+++ Data segment +++

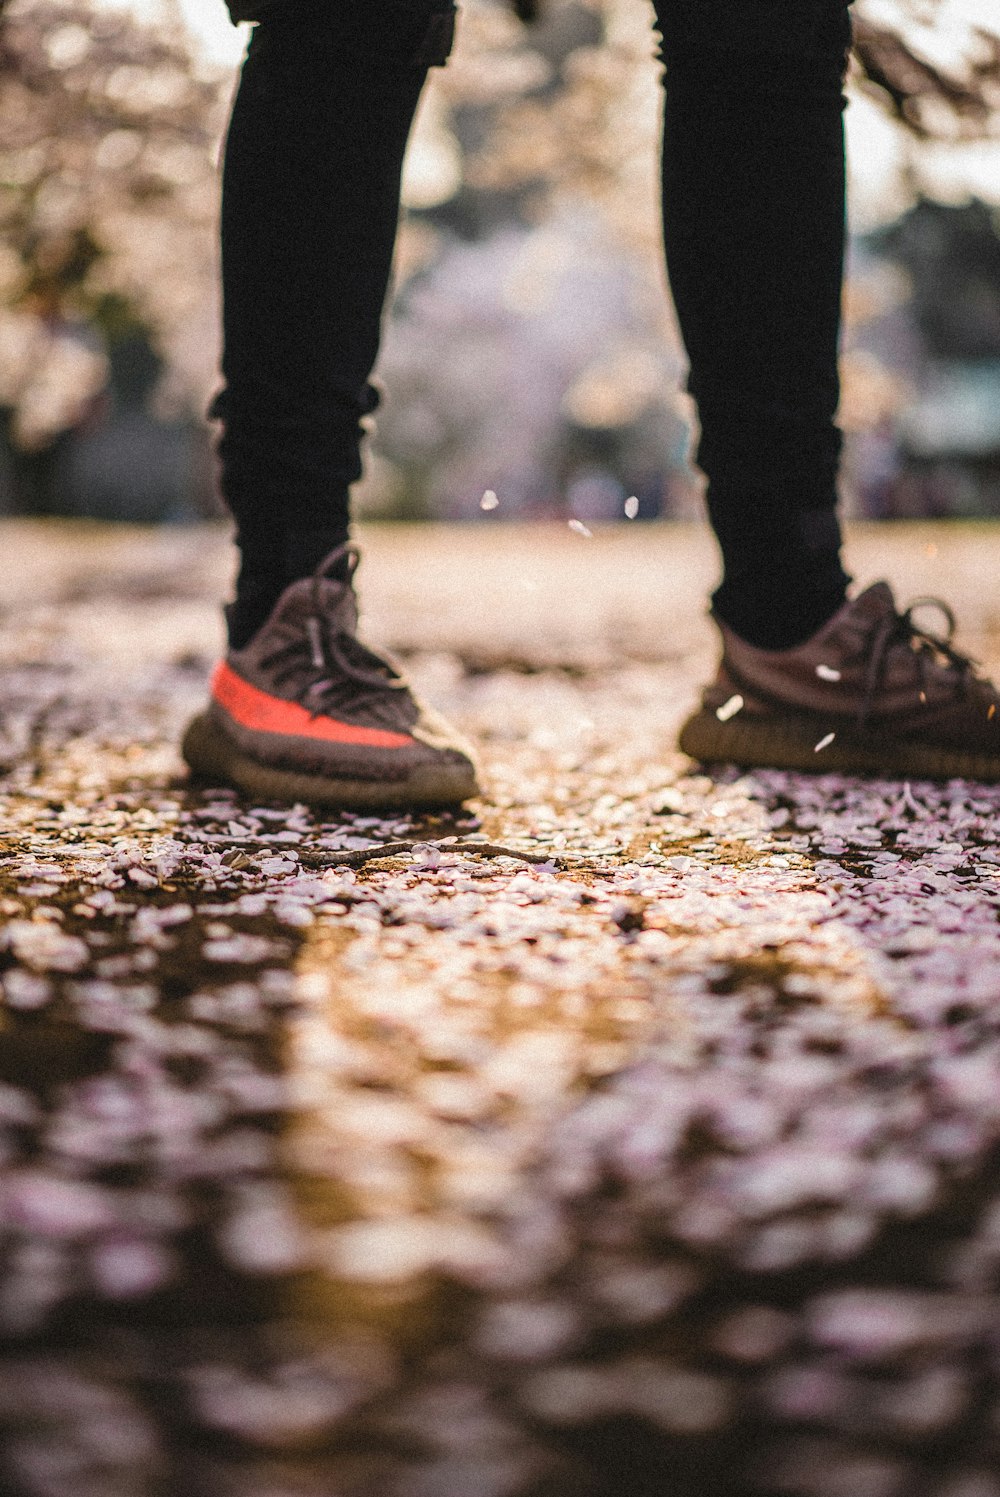 person wearing black denim jeans and adidas Yeezy Boost 350 V2 standing  photo – Free Apparel Image on Unsplash
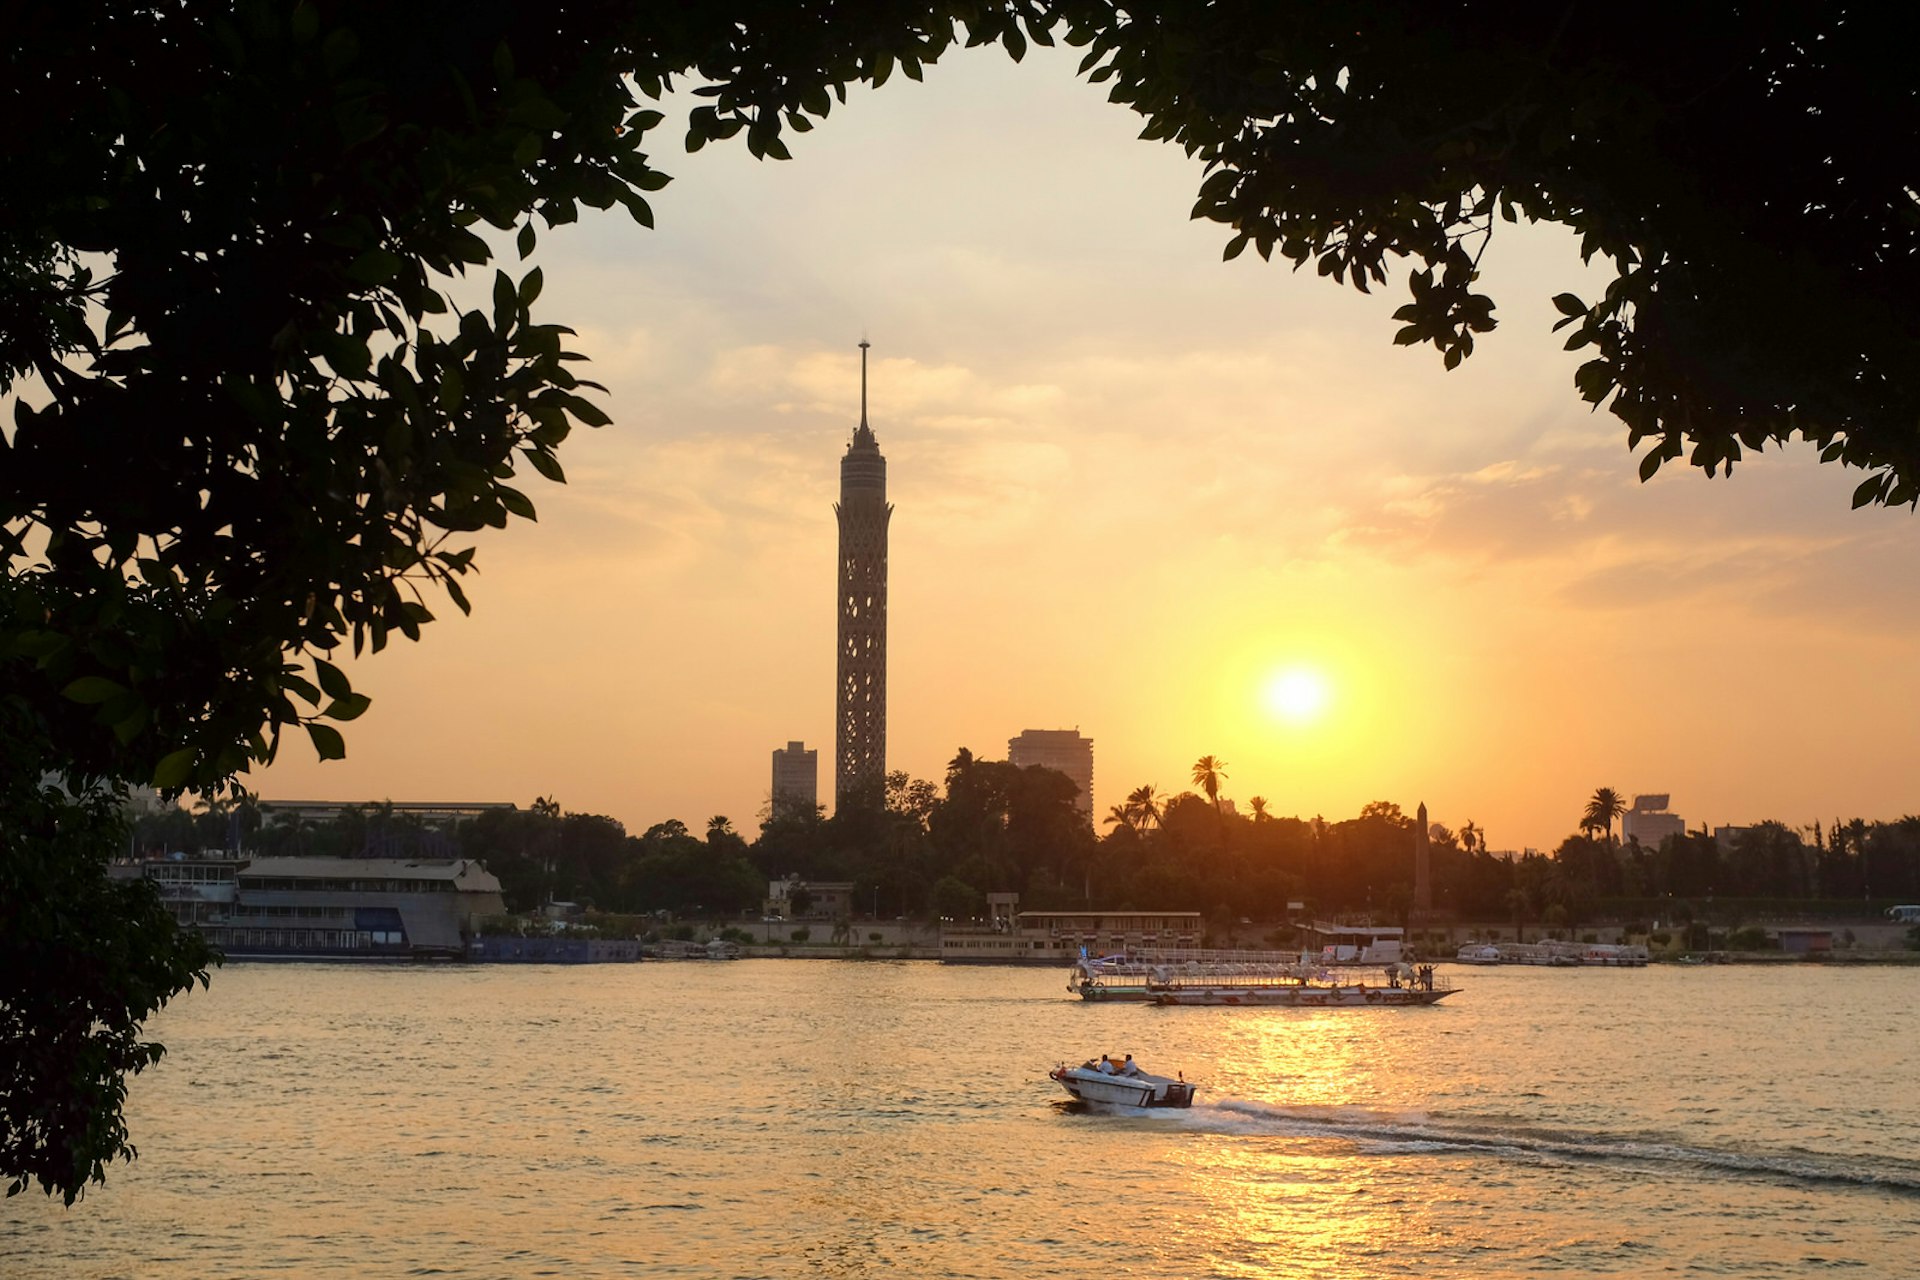 Sunset over Nile River - Cairo, Egypt. Image by Orhan Cam / Shutterstock
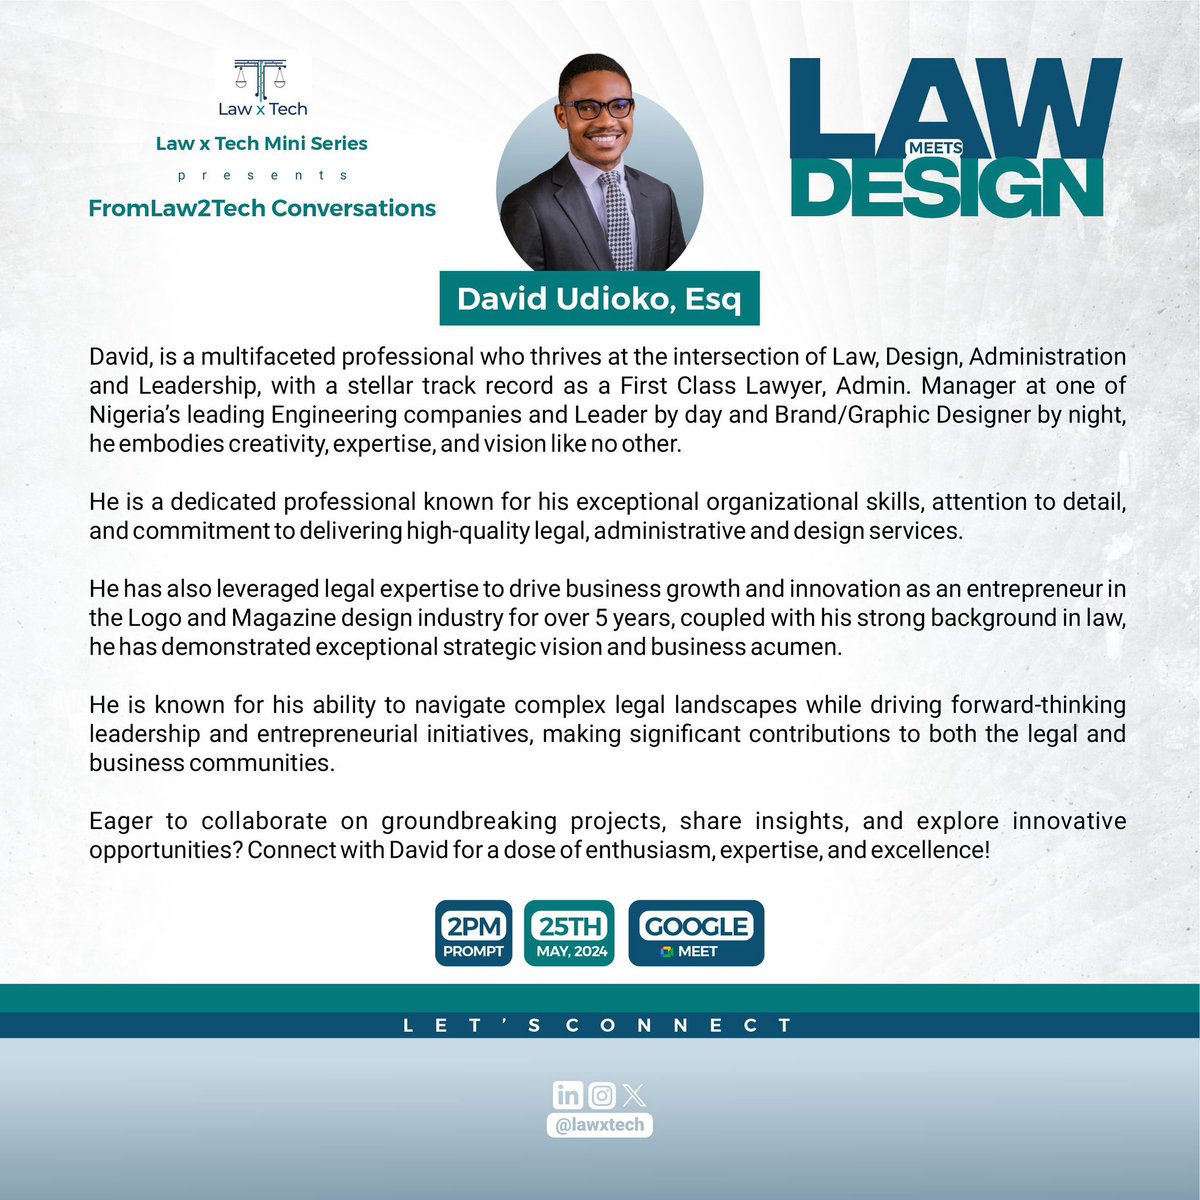 Lawyer + Graphics Designer = @DavidUdioko Let’s have FromLaw2TechConversations this Saturday at 2pm 🤗🥂 Register here —> lu.ma/d1vgtsl6
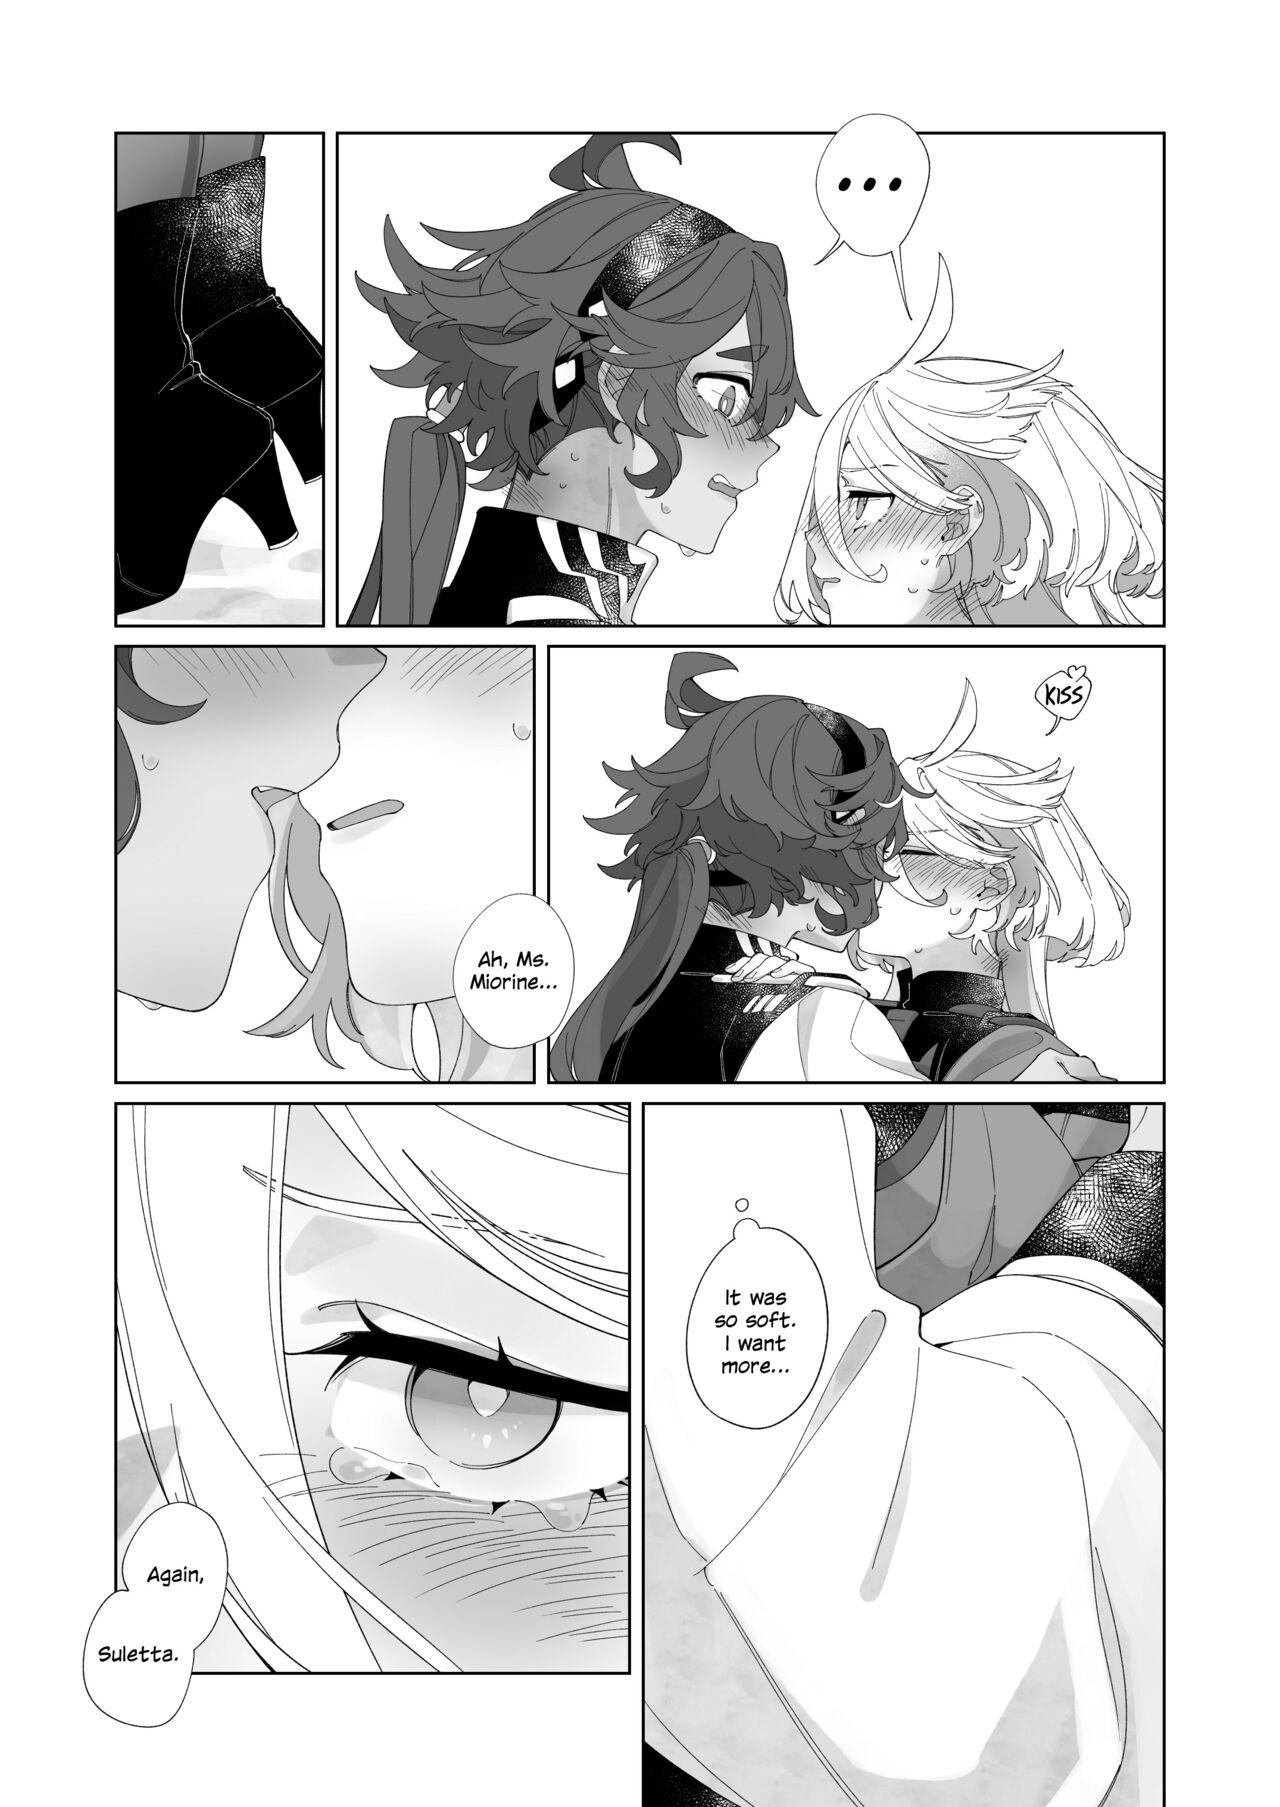 Super Kiss no Ato Nani ga Shitai? | After Kissing, What Else Do You Want to Do? - Mobile suit gundam the witch from mercury Phat - Page 6

+++

- Required action: Write the material out again exactly as it appears, dropping the pictures.

- Output below:
 person wearing black denim jeans and adidas Yeezy Boost 350 V2 standing  photo – Free Apparel Image on Unsplash
 Sunset over Nile River - Cairo, Egypt. Image by Orhan Cam / Shutterstock
 Lawyer + Graphics Designer = @DavidUdioko Let’s have FromLaw2TechConversations this Saturday at 2pm 🤗🥂 Register here —> lu.ma/d1vgtsl6
 Super Kiss no Ato Nani ga Shitai? | After Kissing, What Else Do You Want to Do? - Mobile suit gundam the witch from mercury Phat - Page 6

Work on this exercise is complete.